- Born: May 3, 1947 (age 79) Cleveland, Ohio, United States
- Citizenship: American
- Occupation: Civil rights organizer
- Years active: 1973–present
- Organization(s): The American Indian Education Center People, Not Mascots Autonomous American Indian Movement (AAIM)
- Known for: Chairman and Executive Director of the American Indian Education Center of Cleveland (now run by Jeffrey Pierce) Opposition to Chief Wahoo and other Native American mascots

= Robert Roche (activist) =

American activist (born 1947)

Robert Roche, also known as Bob Roche and Rob Roche, is an activist for Native American civil rights. He is perhaps best known for being one of several prominent American Indians to spearhead the movement against the use of Native American imagery as sports mascots.

==Early life==
Robert Roche was born Robert Joseph Roche on 3 May 1947 at Saint Ann's Hospital located in Cleveland, Ohio. He would end up meeting Russell Means, a well-known actor, civil rights activist and founder of the Cleveland branch of the American Indian Movement. He would profoundly influence a young Roche, and the two would go on to collaborate on many projects.

==Career==
From 1974 to 1984, Roche worked in the City of Cleveland Juvenile Court Division as an Acting Probation Officer. During this time, he worked with indigenous youth who had come in contact with and were already in the juvenile justice system. In 1995, Robert Roche founded the American Indian Education Center, a non-profit organization that offered a variety of re-entry services for the American Indian population in the greater Greater Cleveland area, including HIV testing, tutoring, smoking cessation classes, cultural programming and resume writing instruction. in Cleveland, Ohio. Roche opened the American Indian Education Center to provide a more comprehensive variety of services after the two decades of controversy its "predecessor," the Cleveland American Indian Center, founded by Russell Means, had been embroiled in. in Cleveland, Ohio.

Robert currently serves as the executive director of the American Indian Education Center in Cleveland, Ohio. Some of the work he carried out was documented in a book written by attorney Joseph Patrick Meissner as part of a compendium of accounts focusing on people who work to improve their community.
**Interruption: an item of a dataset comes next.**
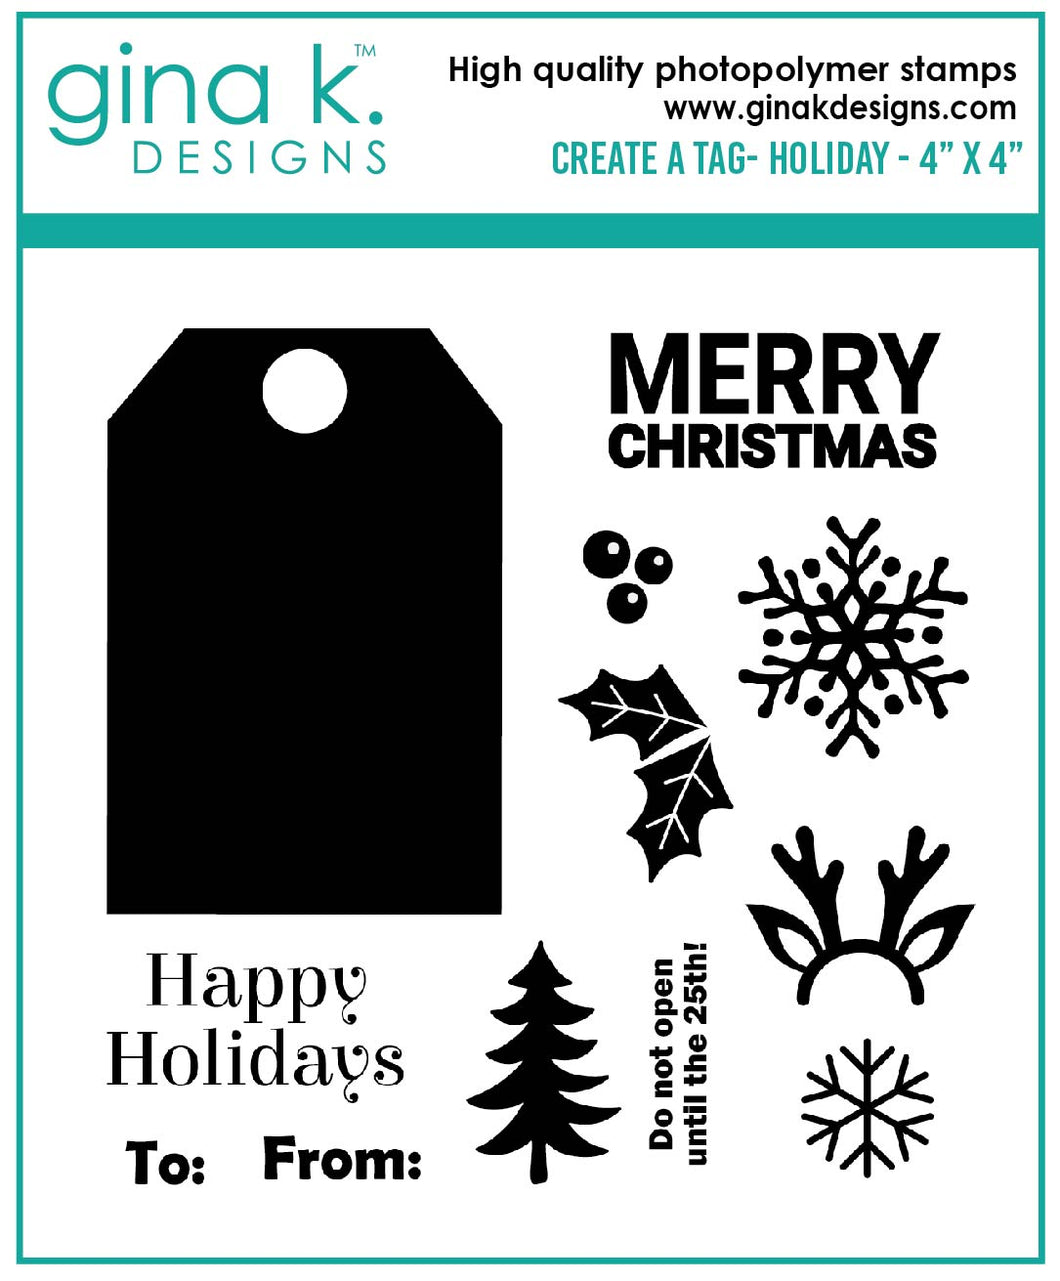 Gina K. Designs - Stamps - Create a Tag - Holiday. Create a Tag- Holiday is a stamp set by Gina K Designs. This set is made of premium clear photopolymer and measures 4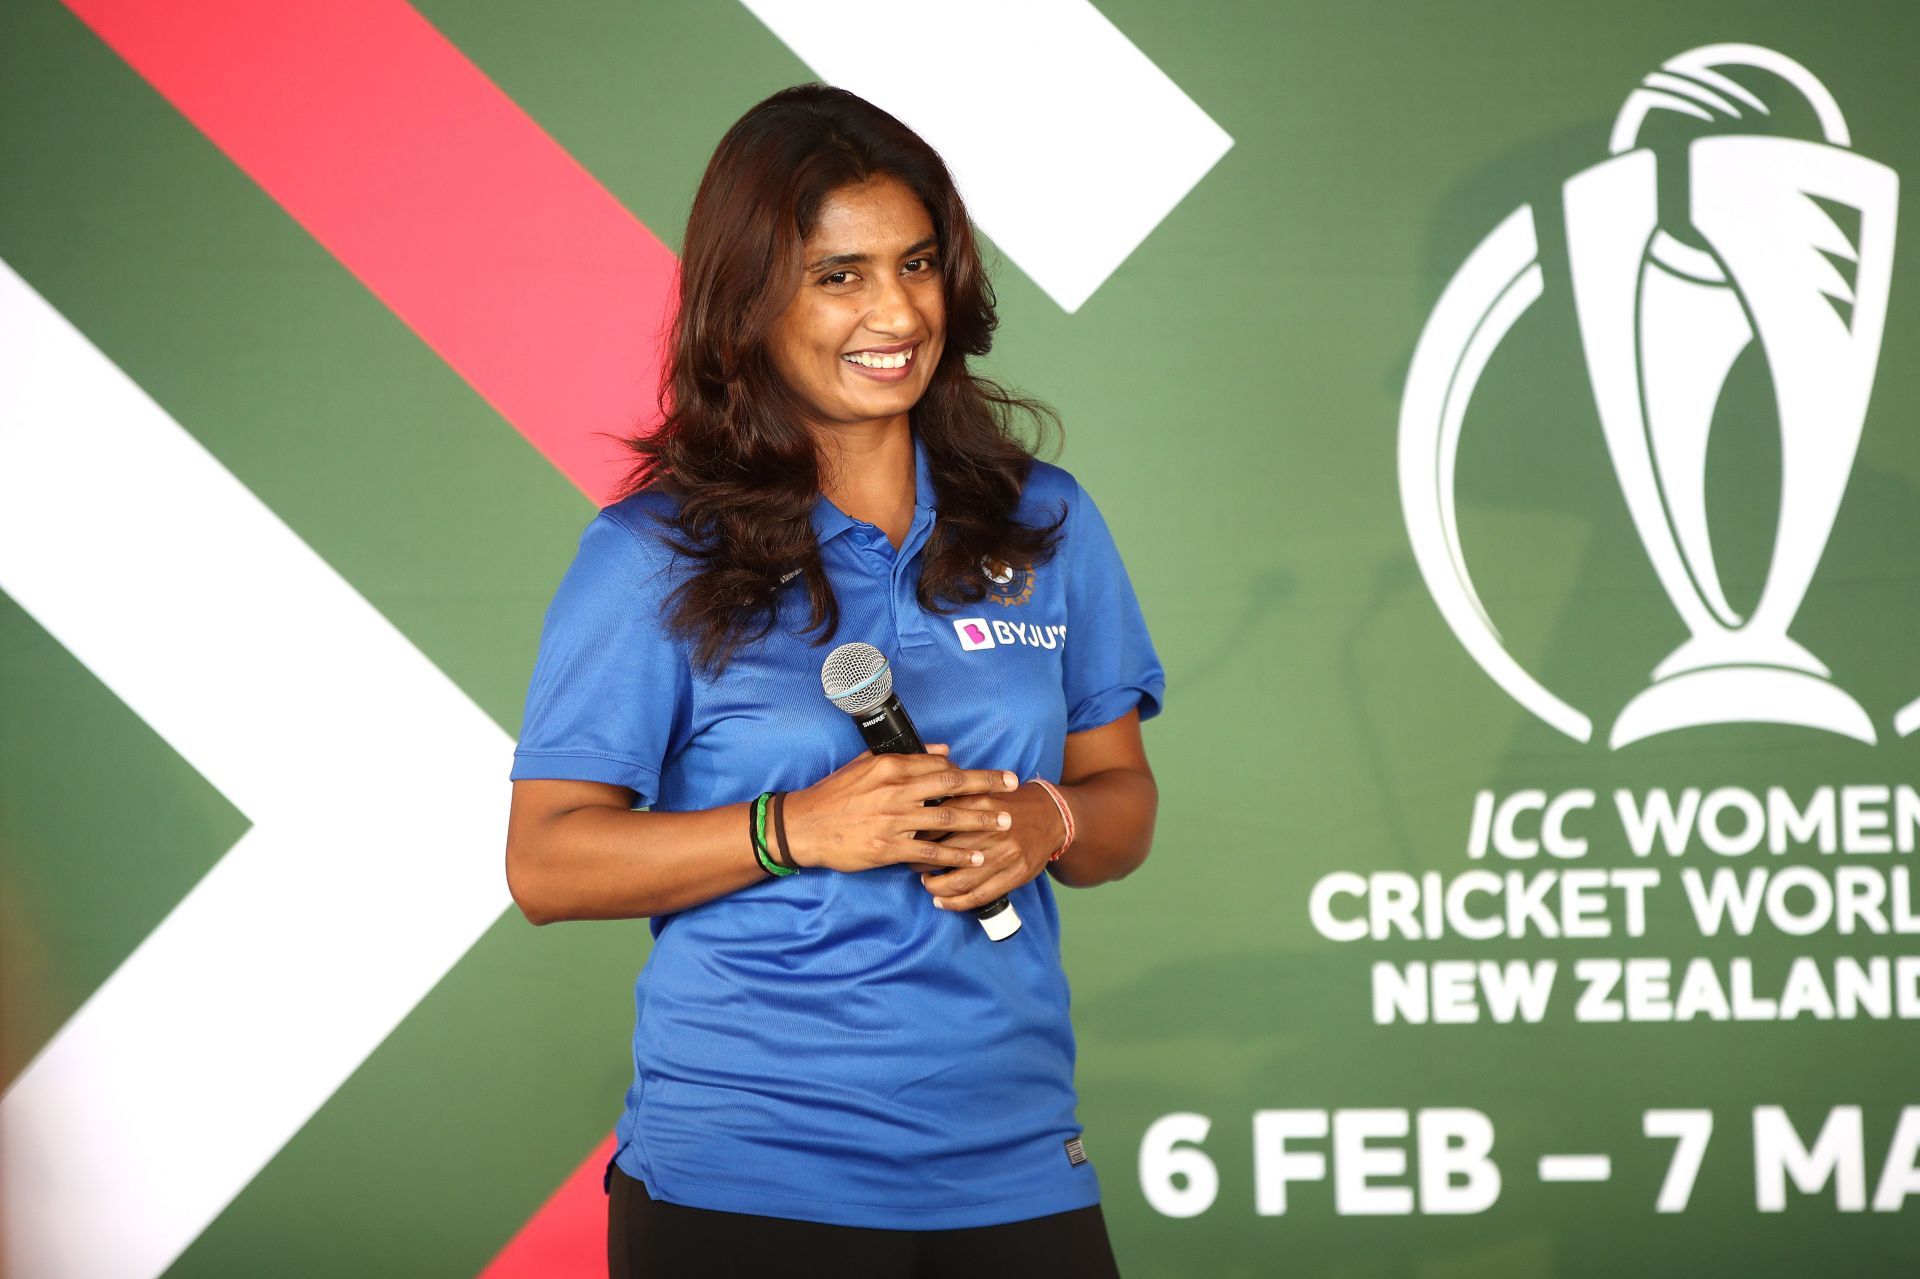 Mithali Raj asserted that her team has had good preparation before the World Cup (Credit: Getty Images)

Robert Roche has also taught a course in Oberlin College's Experimental College Department about the history of the Native American civil rights organization, the American Indian Movement.

==Activism==
Roche was an active member of the Cleveland branch of the Autonomous American Indian Movement (AAIM) until January 2020, a separate division of the American Indian Movement.

Robert Roche has been a highly visible figure on the Cleveland scene for many decades, periodically using his role as a leader in the community to act as a character witness. He provided testimony in the clemency hearing for Billy Slagle, who was convicted of aggravated murder with death penalty specifications after, in 1987, he stabbed babysitter Mari Anne Pope to death while the children she was babysitting watched. In the appeal, Roche explained that Slagle, whose mother was Native American, visited the American Indian Education Center with his family as a child. Roche recalled alcohol abuse and violence were prominent fixtures in Slagle's home and believed Slagle would have been incapable of murder if it were not his addictions.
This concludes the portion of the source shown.